• [Problem requirements]: Could you set down the listing below exactly, leaving out its pictures?

• [Data extract]:
- Opening Delimiter -
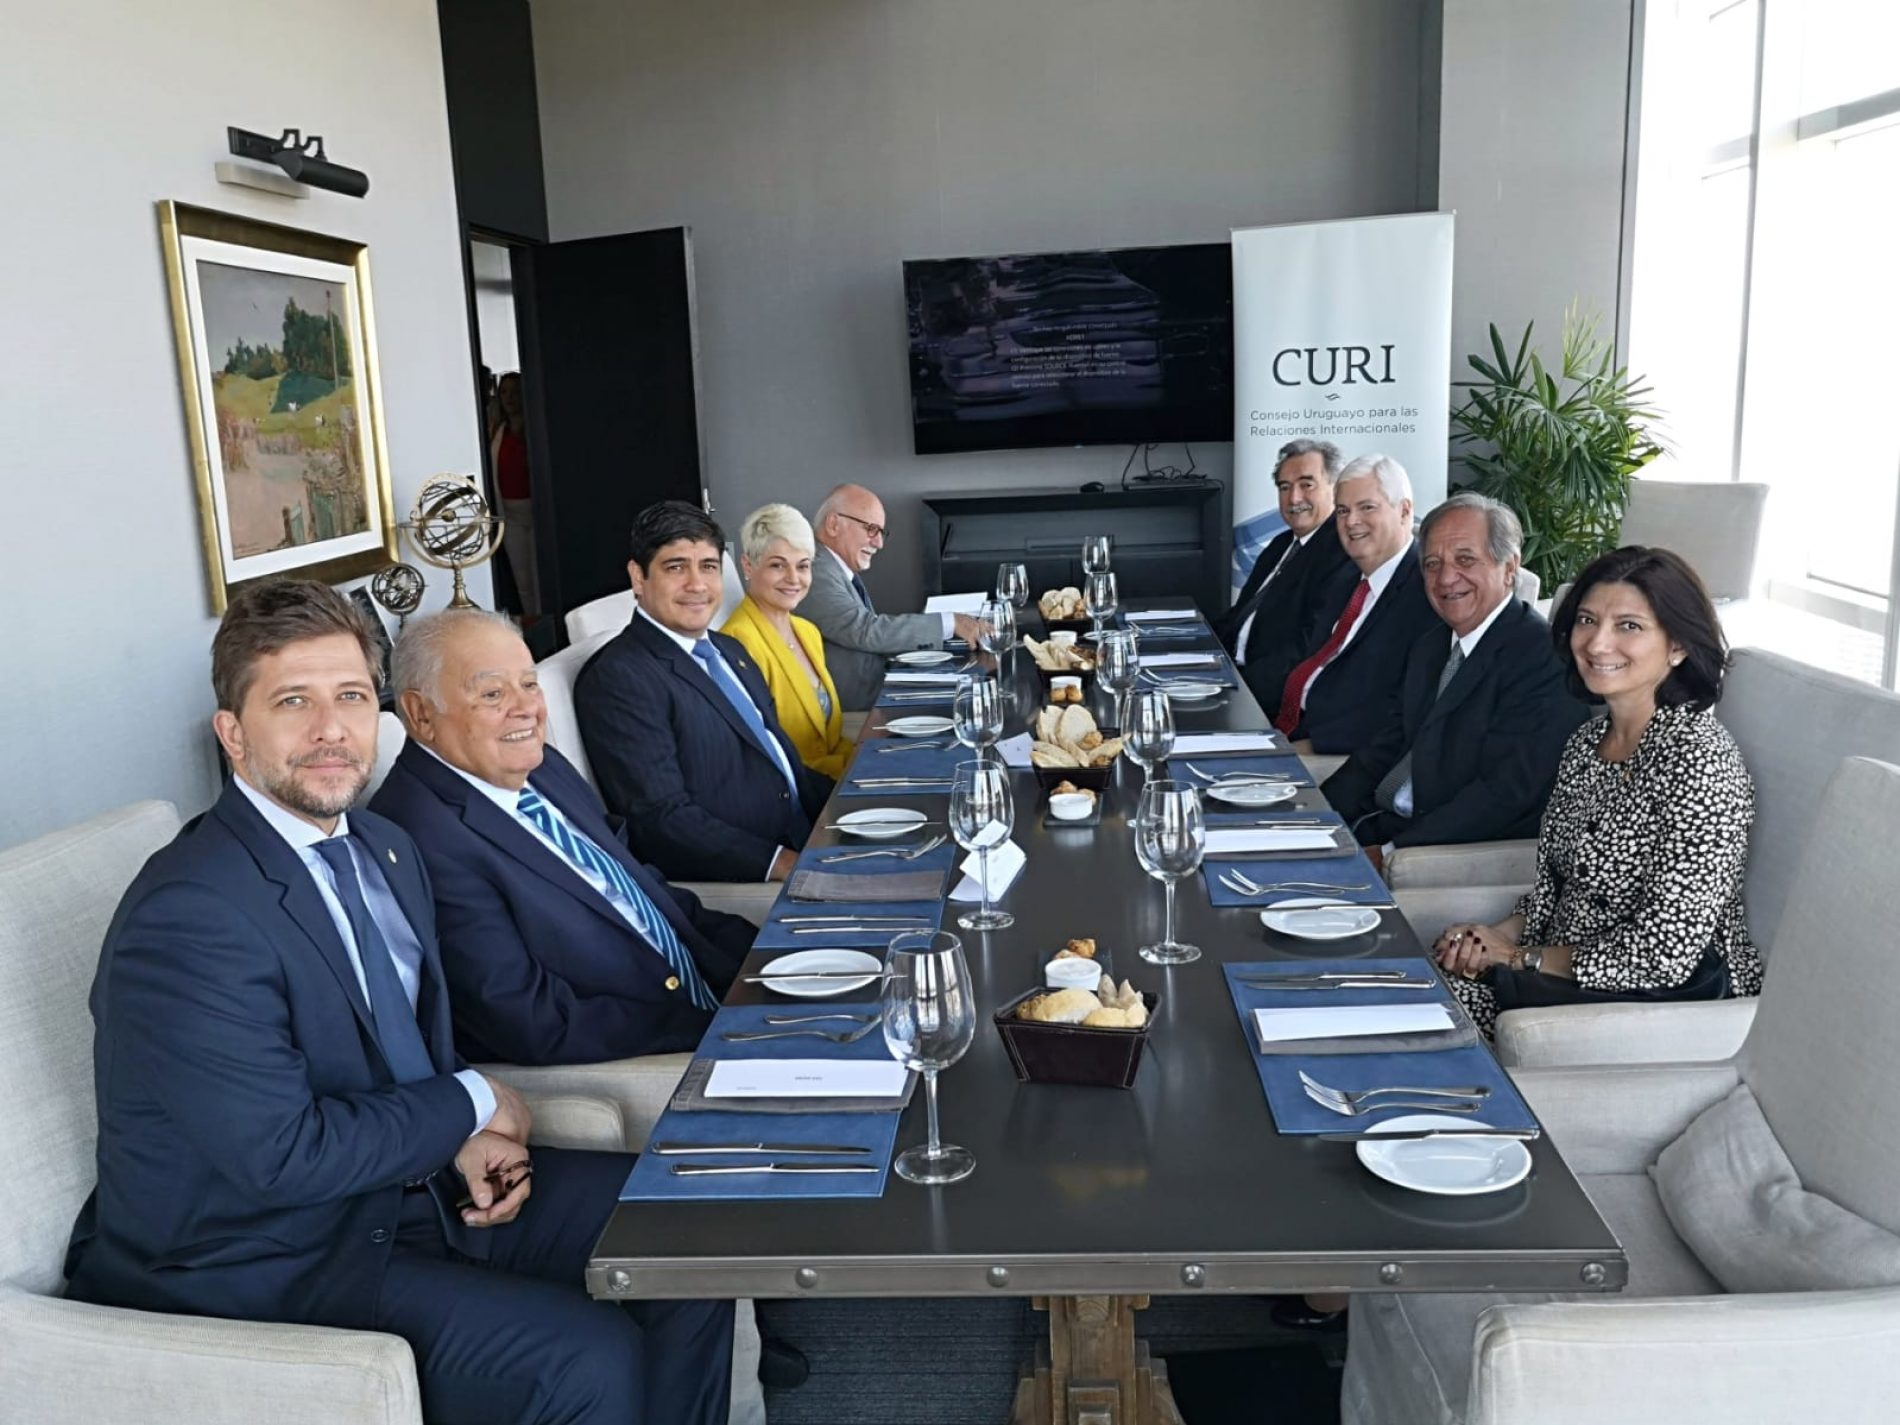 Reunión con el Presidente de Costa Rica, Carlos Alvarado Quesada, y el Canciller Manuel Ventura Robles
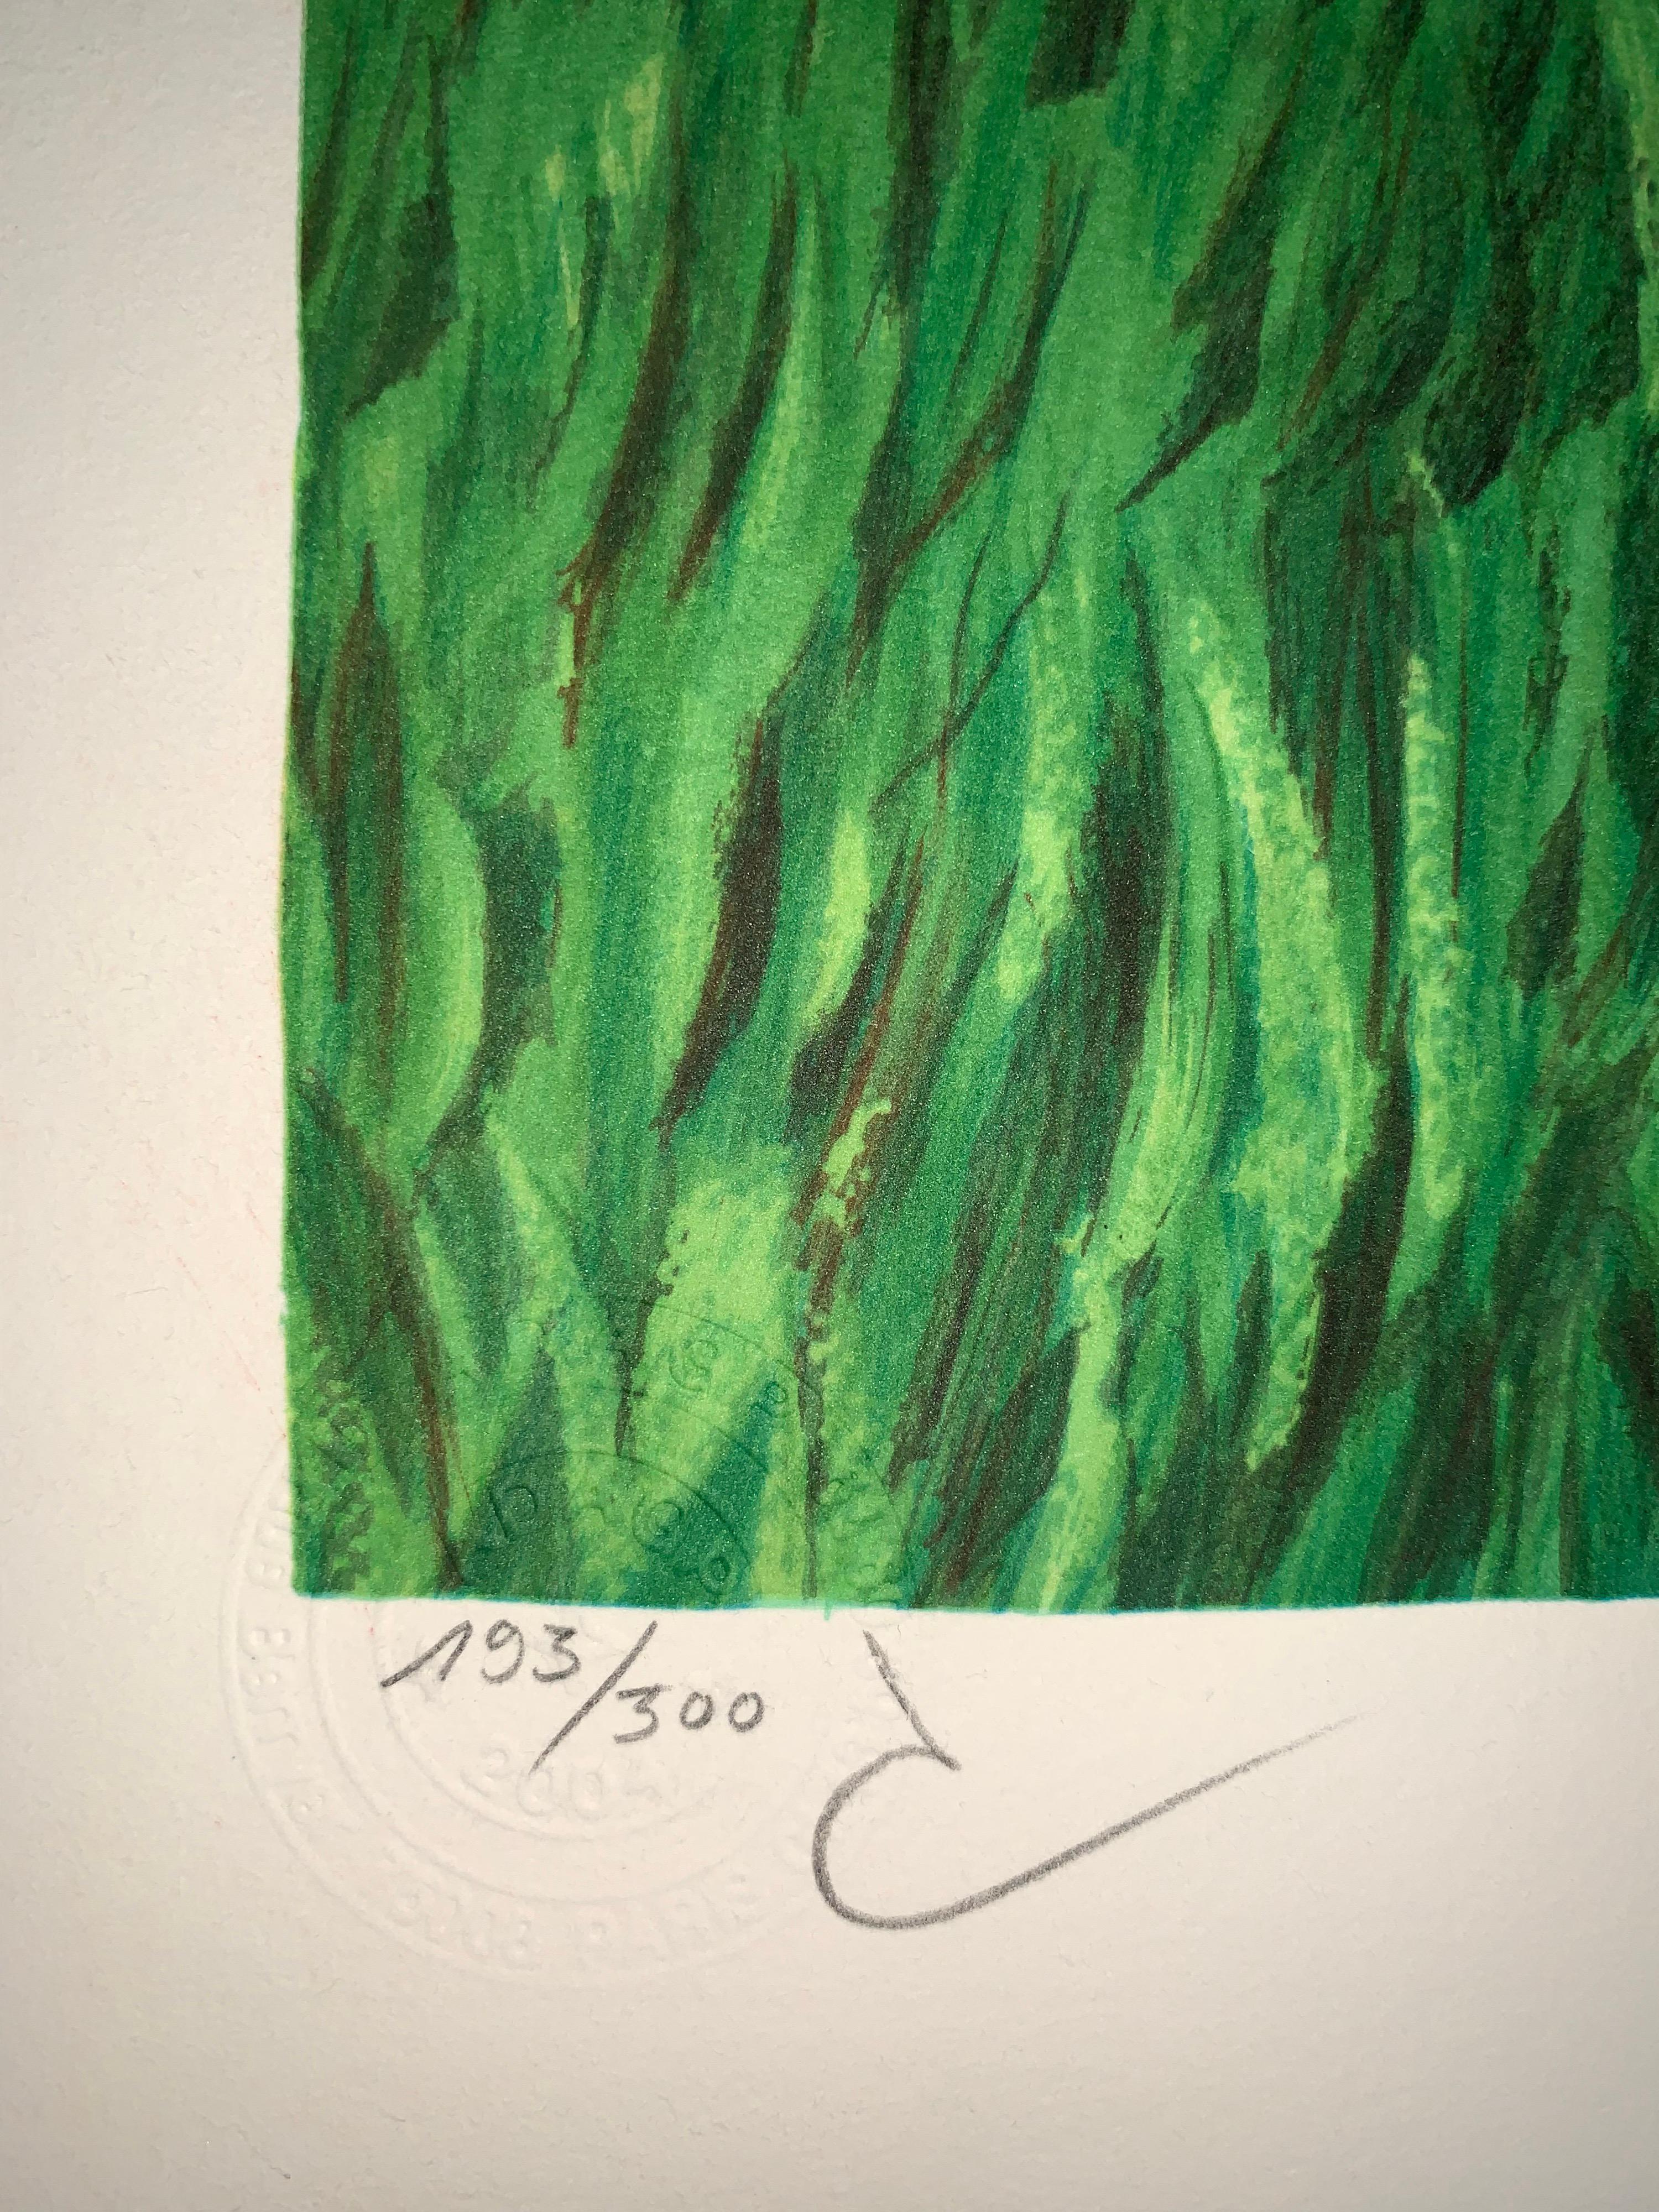 Numéroté : 193/300
Lithographie en couleur d'après l'huile sur toile de René Magritte de 1931, signature imprimée de Magritte et numérotée de l'édition de 300. 
La lithographie porte les cachets secs de la Fondation Magritte et de l'ADAGP et est
- Closing Delimiter -
• [Response below]:
 Reunión con el Presidente de Costa Rica, Carlos Alvarado Quesada, y el Canciller Manuel Ventura Robles
 Numéroté : 193/300
Lithographie en couleur d'après l'huile sur toile de René Magritte de 1931, signature imprimée de Magritte et numérotée de l'édition de 300. 
La lithographie porte les cachets secs de la Fondation Magritte et de l'ADAGP et est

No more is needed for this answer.